Visually picking out bad channels

:question: If you have a question or issue with MNE-Python, please include the following info:

  • MNE version: 3.10
  • operating system: macOS Ventura 13.0

Hi everybody,

I am learning to visually pick out bad channels in raw MEG data. I am following the tutorial here Handling bad channels — MNE 1.5.0 documentation.

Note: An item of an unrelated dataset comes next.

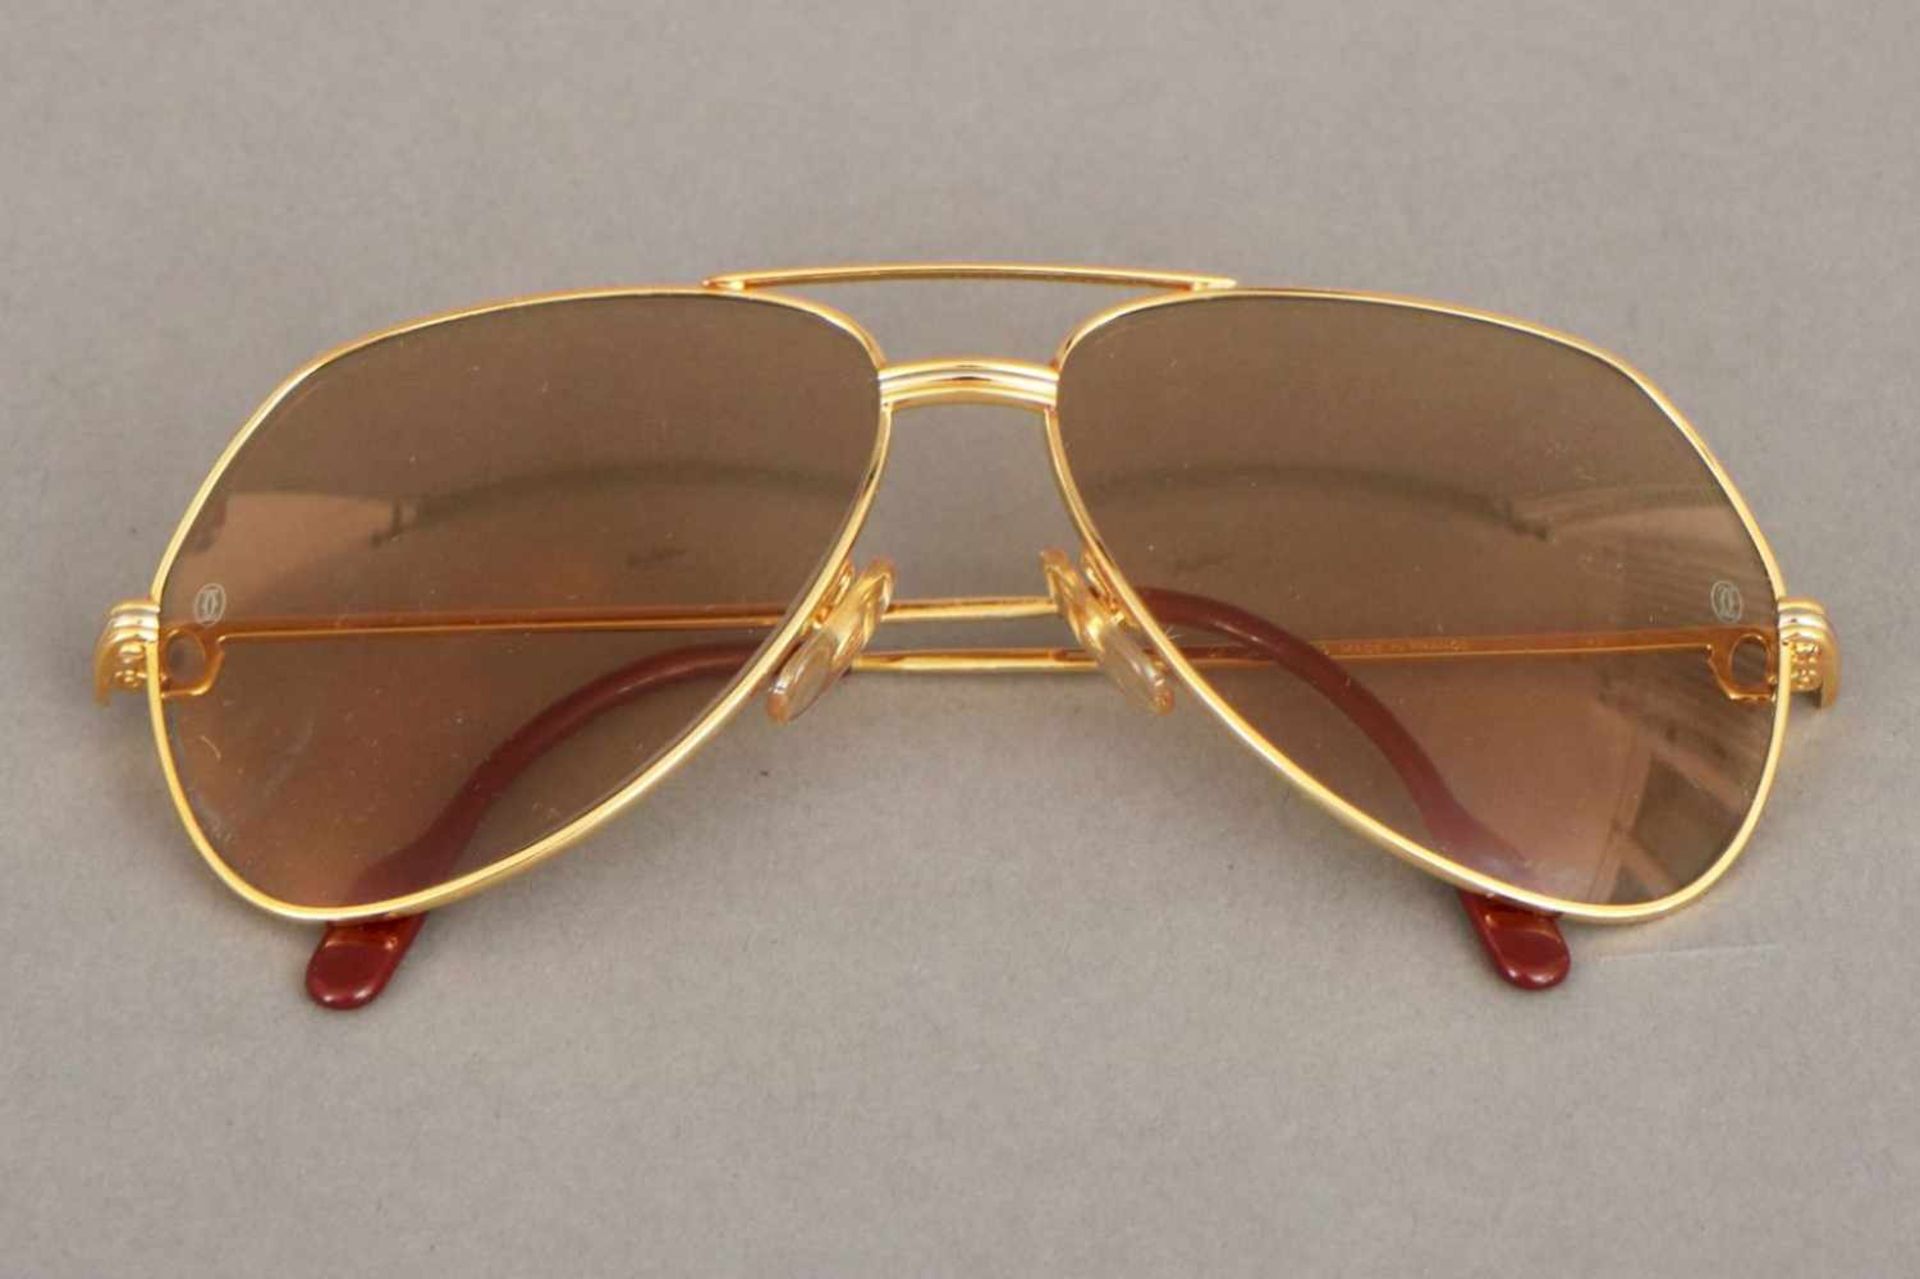 Le must de CARTIER Sonnenbrille ¨trinity¨vergoldetes Metall, bräunlich getöntes Glas, nummeriert - Bild 3 aus 3

I used raw.plot() to look at the raw MEG data. Here is what I have (screenshot attached). This looks completely different from the example data from the MNE website. I see large areas of blue in my data. Is this normal? I am new to this so would appreciate any help/advice on what I am looking at.

Thank you for your help!

If you hit the minus key a bunch of times, it will bring your sensors into range.

You may have already done this, but notch_filtering (raw.notch_filter([60,120,180])) the raw data and possibly t/SSS-ing your data (again you may have already done this) will clean up the signal a little bit.

–Jeff

3 Likes

Hello,

Thank you so much for your reply.
I was under the impression that you pick out the bad channels first before running the maxwell_filter/tsss-ing raw data.

Which method is better?

(1) tsss raw MEG data → manually pick out bad channels → run tsss again on data with the bad channels omitted

(2) low pass filter (55Hz) → manually pickout bad channels → run tsss

Or do both methods accomplish the same thing?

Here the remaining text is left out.